**MATERIAL TO PROCESS**
□ □ □ □ □ □ □
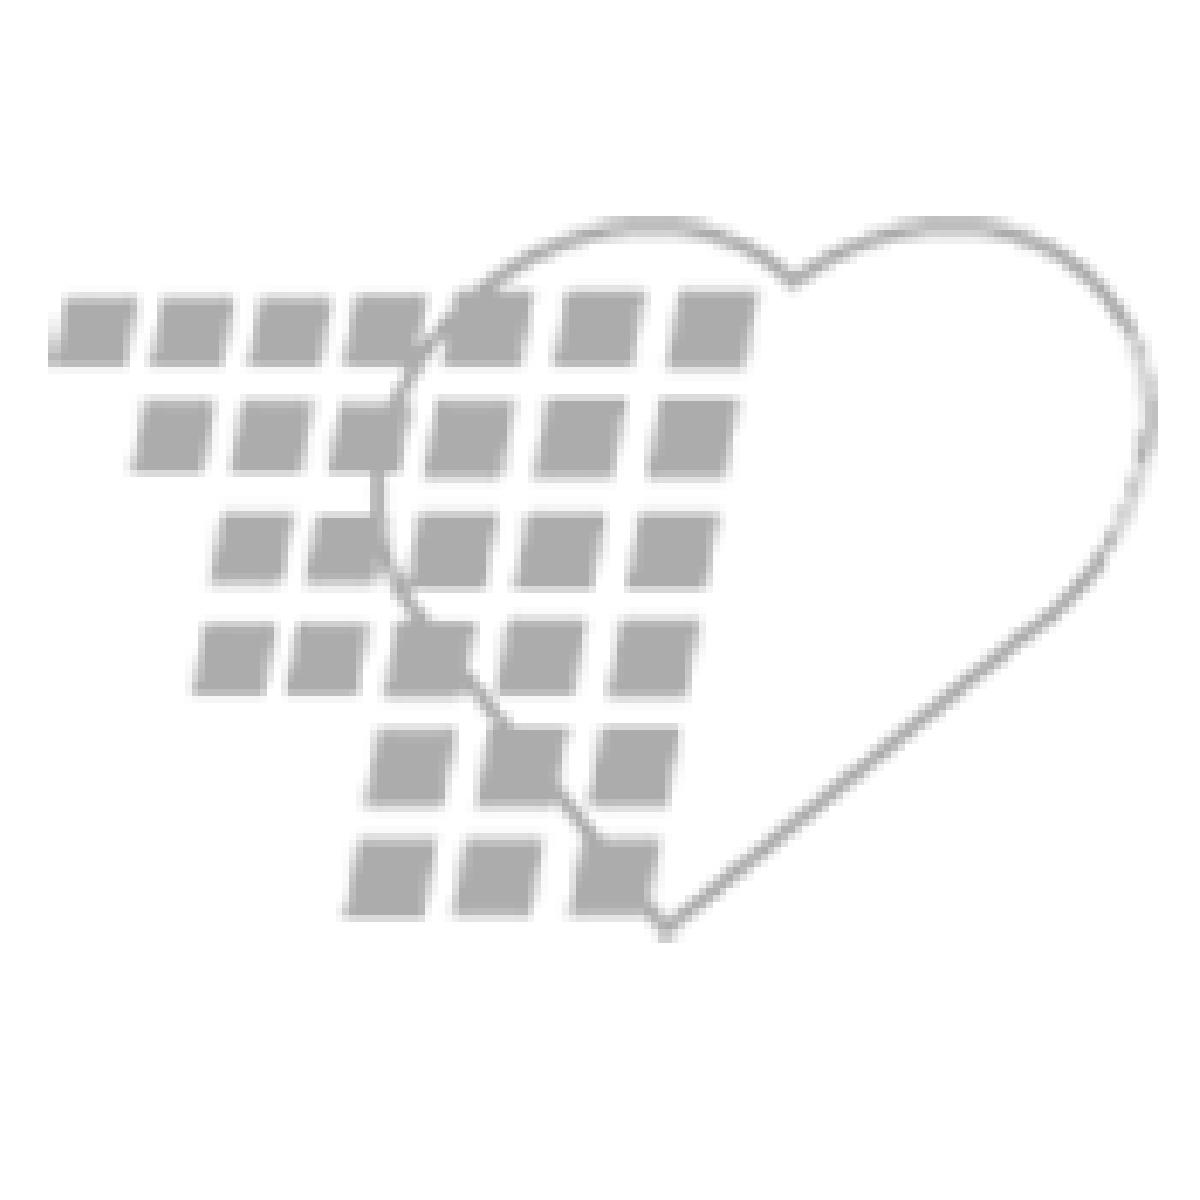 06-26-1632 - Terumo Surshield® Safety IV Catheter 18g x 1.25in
□ □ □ □ □ □ □
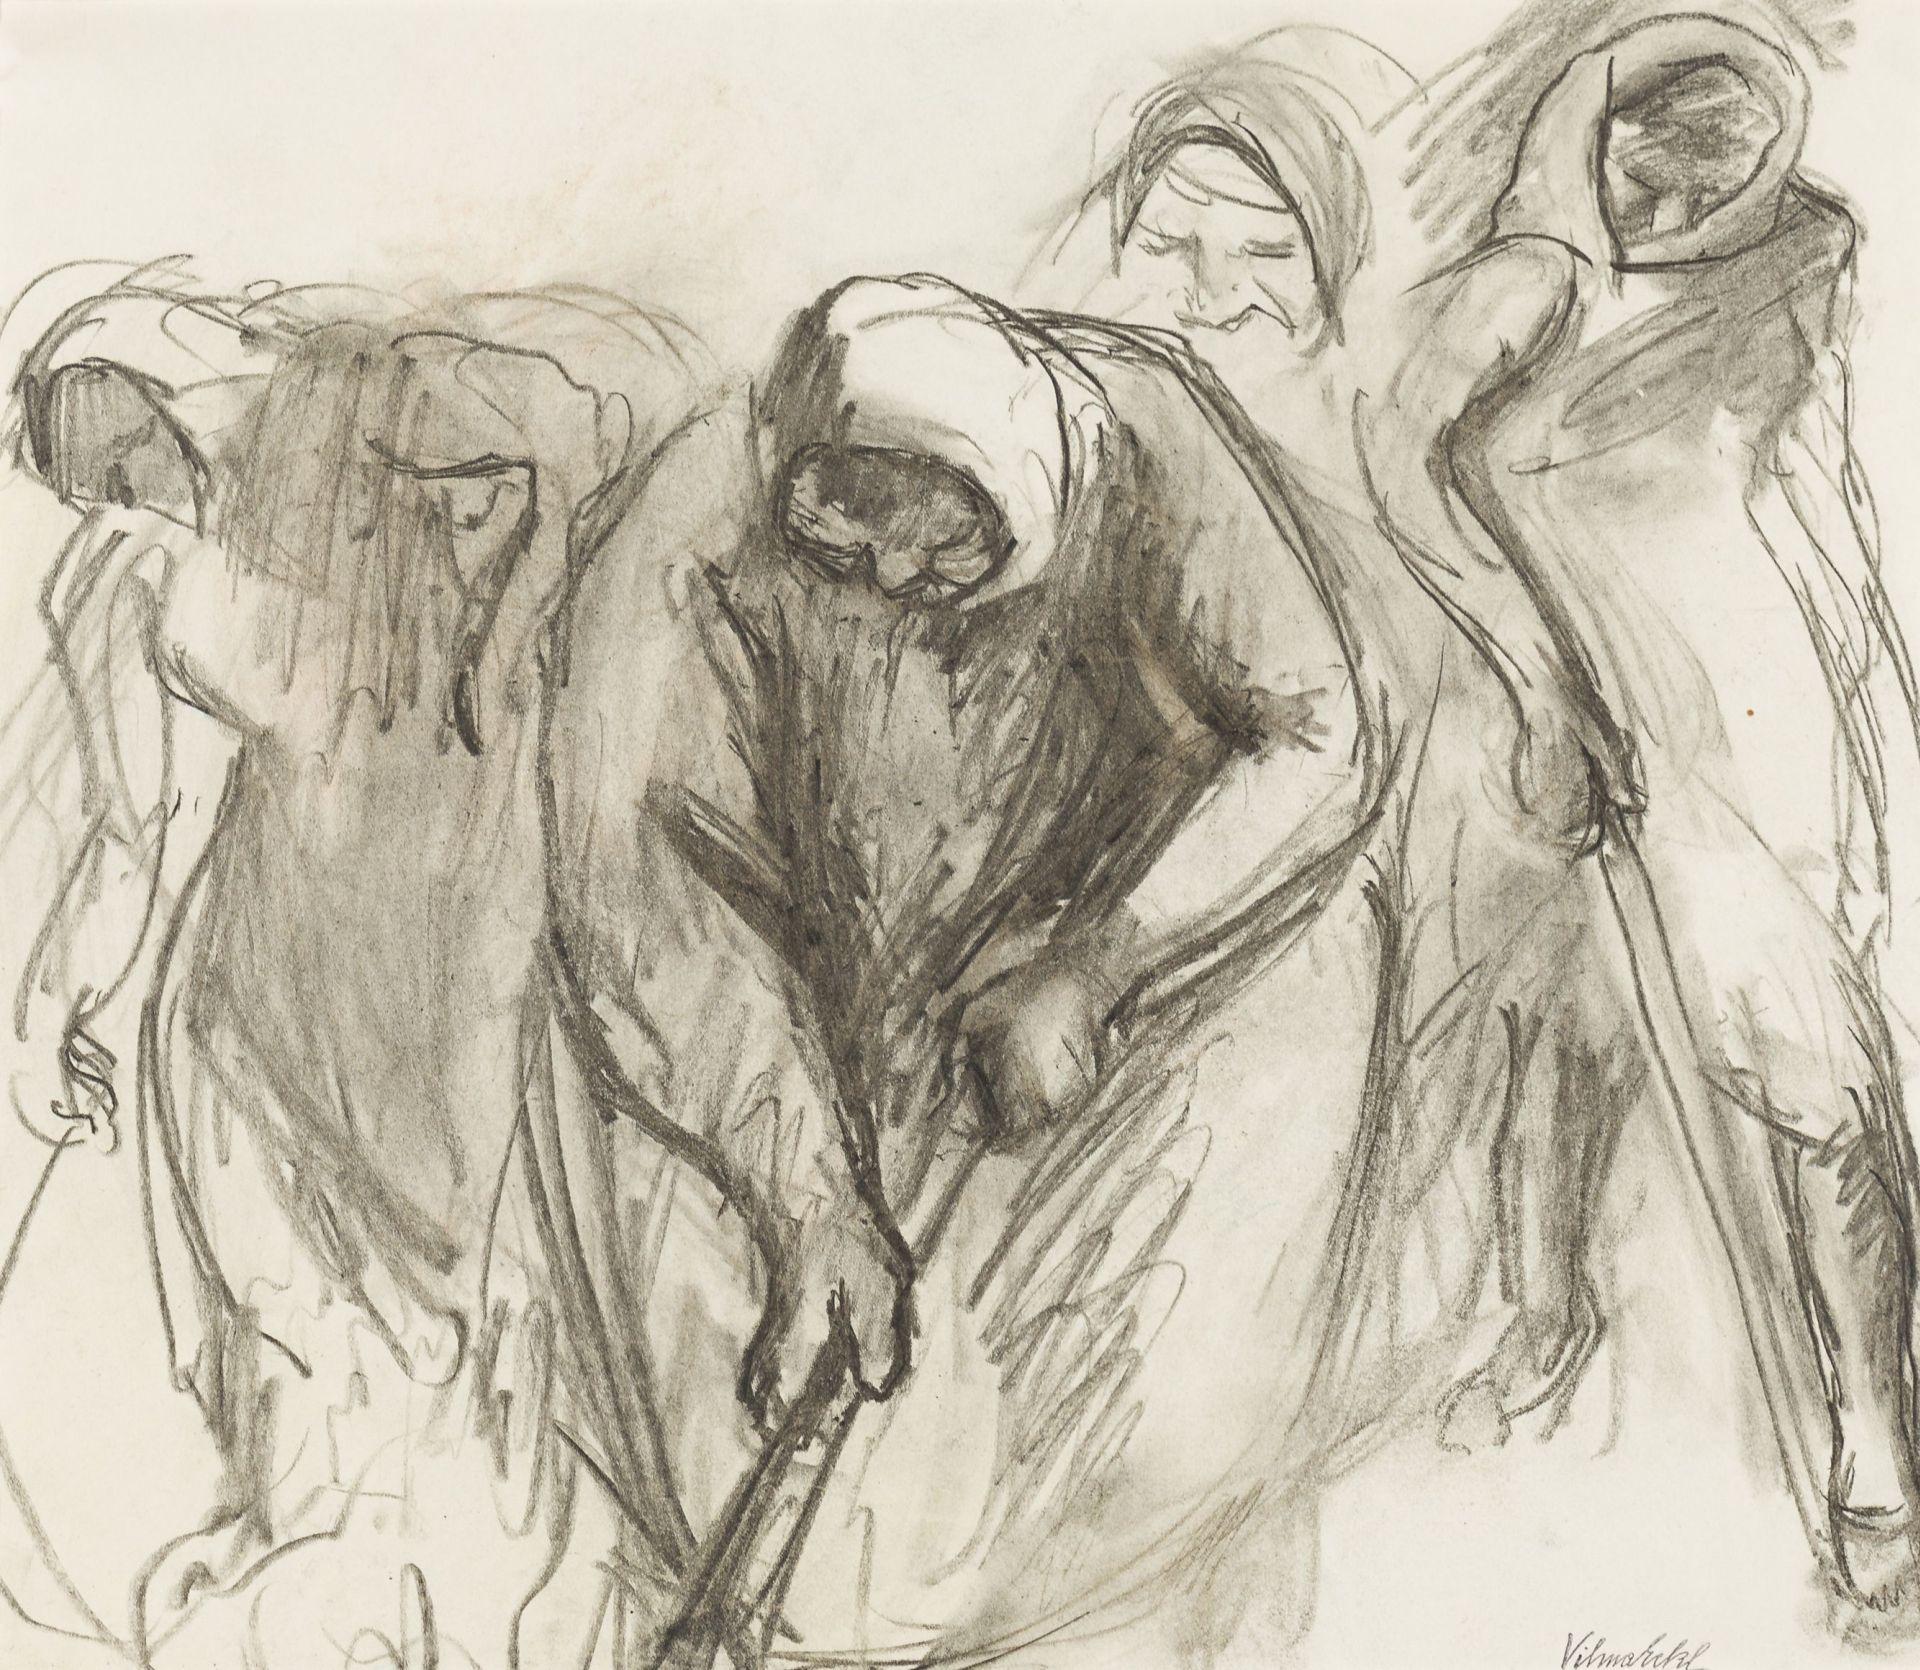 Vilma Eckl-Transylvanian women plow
□ □ □ □ □ □ □
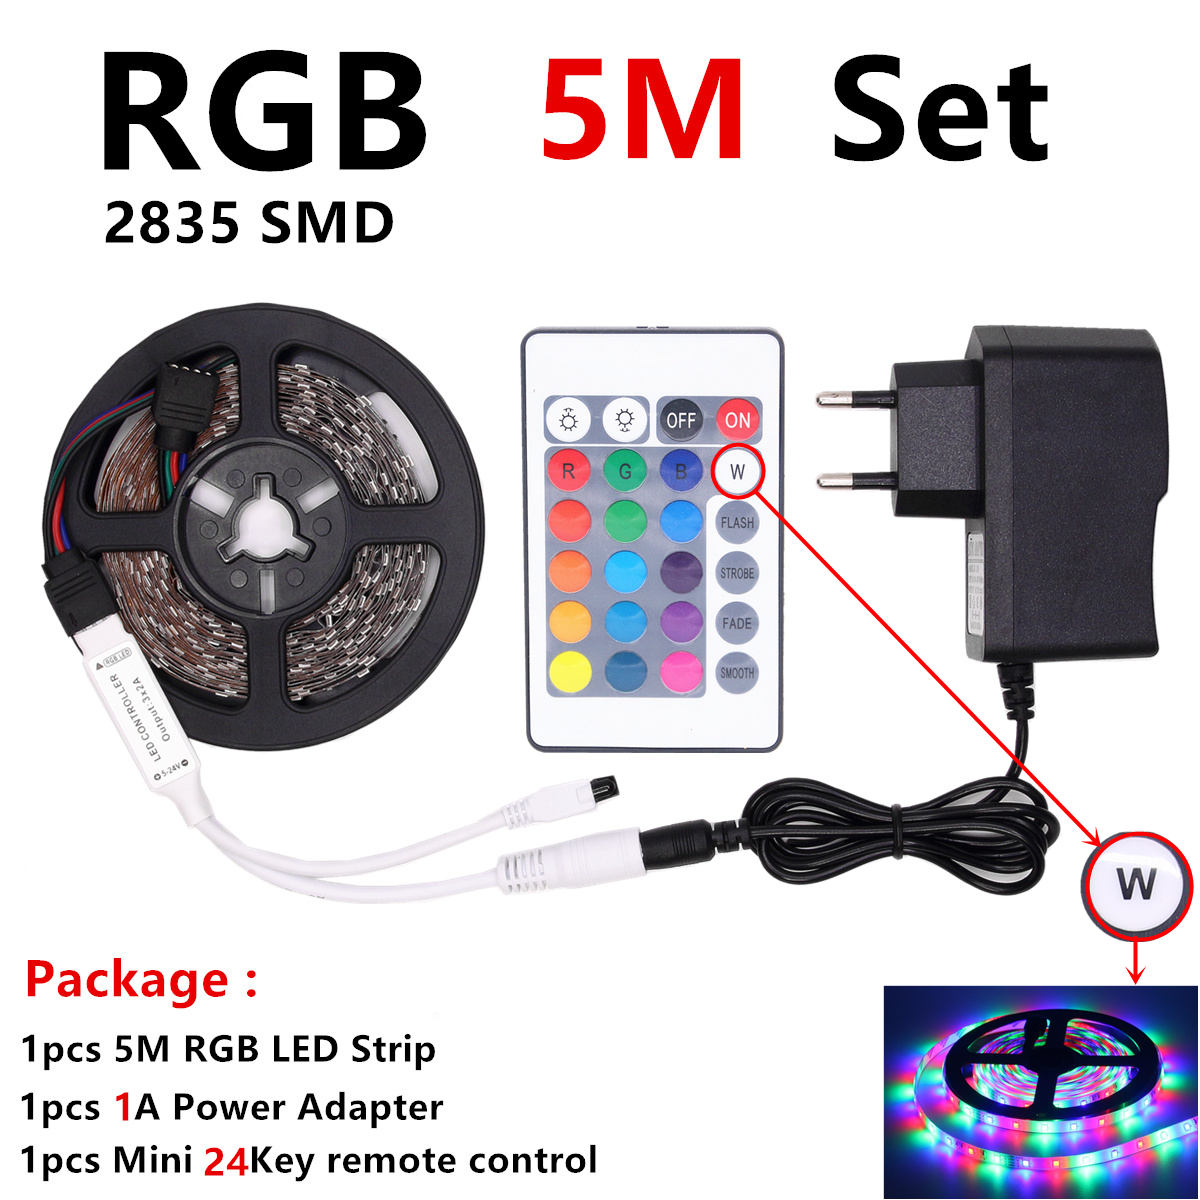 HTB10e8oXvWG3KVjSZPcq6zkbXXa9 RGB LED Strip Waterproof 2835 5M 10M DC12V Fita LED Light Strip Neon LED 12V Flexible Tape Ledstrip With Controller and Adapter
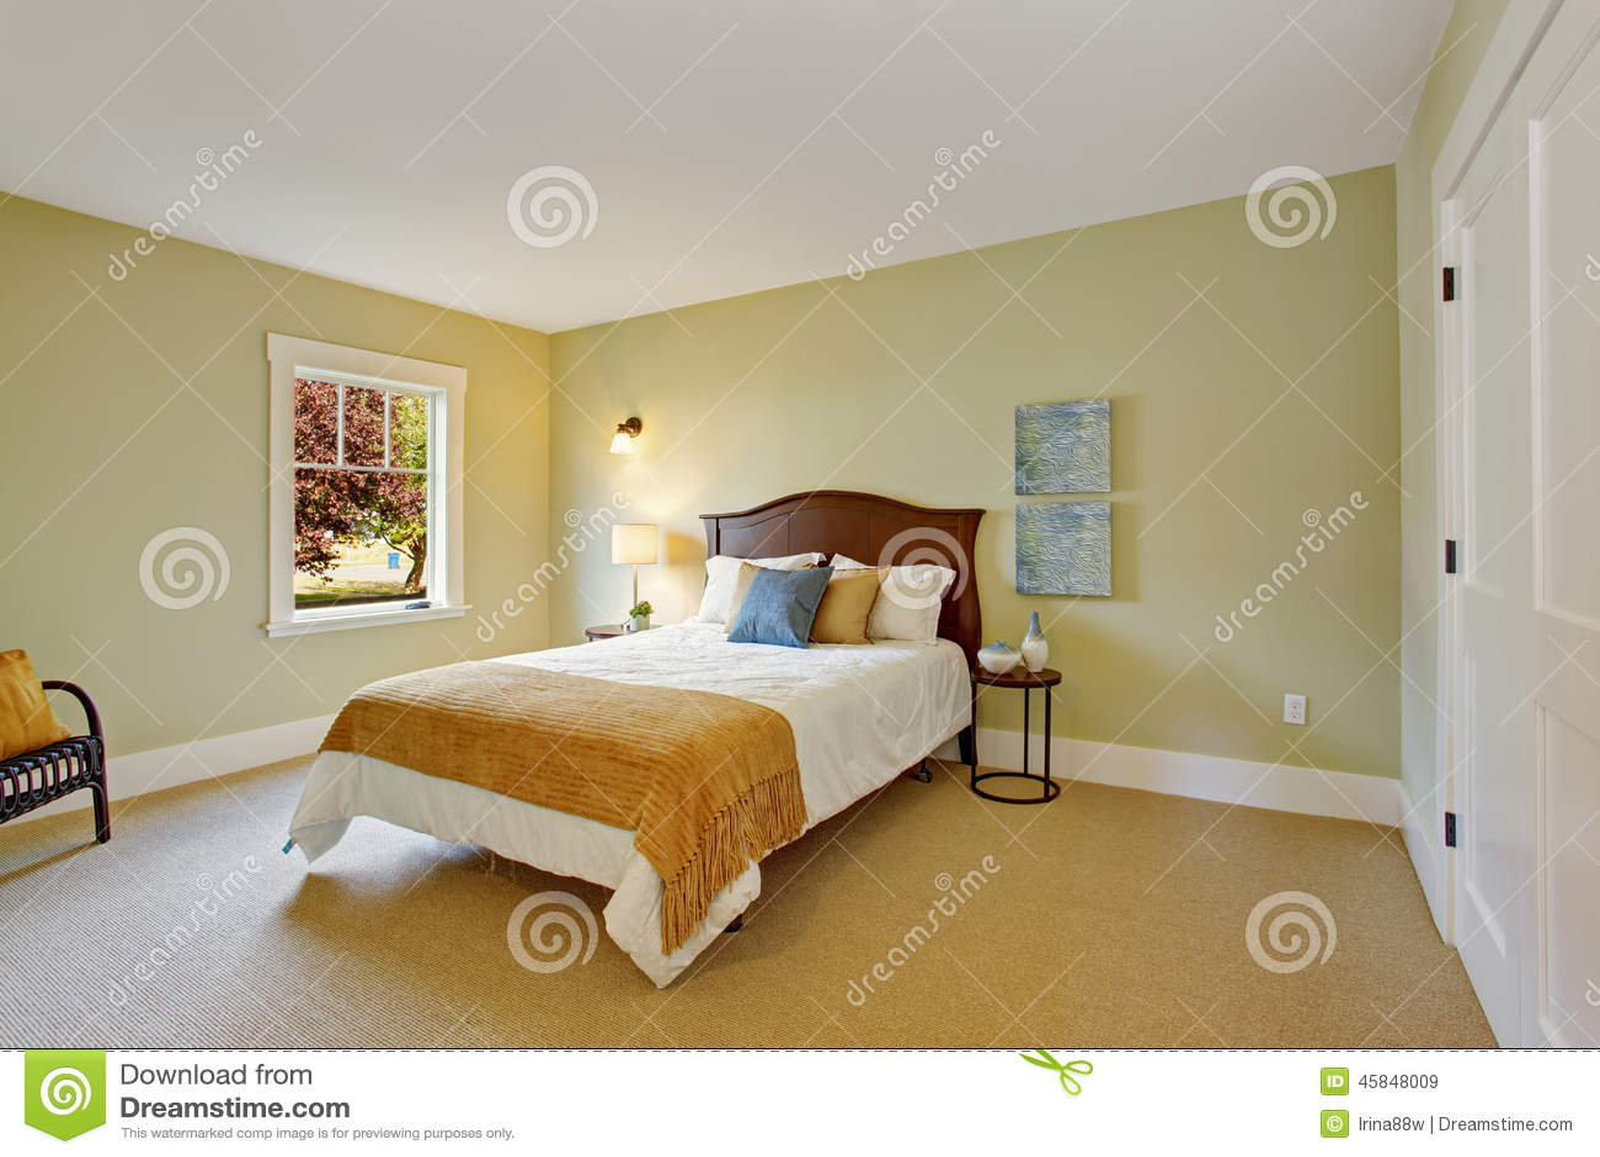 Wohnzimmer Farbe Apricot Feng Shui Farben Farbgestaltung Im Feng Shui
□ □ □ □ □ □ □
**EXERCISE DIRECTIONS**
Return, exactly as they stand, the lines above from the one with "HTB10e8oXvWG3KVjSZPcq6zkbXXa9 RGB LED" to the one with "Wohnzimmer Farbe Apricot", omitting any pictures among them.

**ANSWER TO THIS PROBLEM**
 HTB10e8oXvWG3KVjSZPcq6zkbXXa9 RGB LED Strip Waterproof 2835 5M 10M DC12V Fita LED Light Strip Neon LED 12V Flexible Tape Ledstrip With Controller and Adapter
 Wohnzimmer Farbe Apricot Feng Shui Farben Farbgestaltung Im Feng Shui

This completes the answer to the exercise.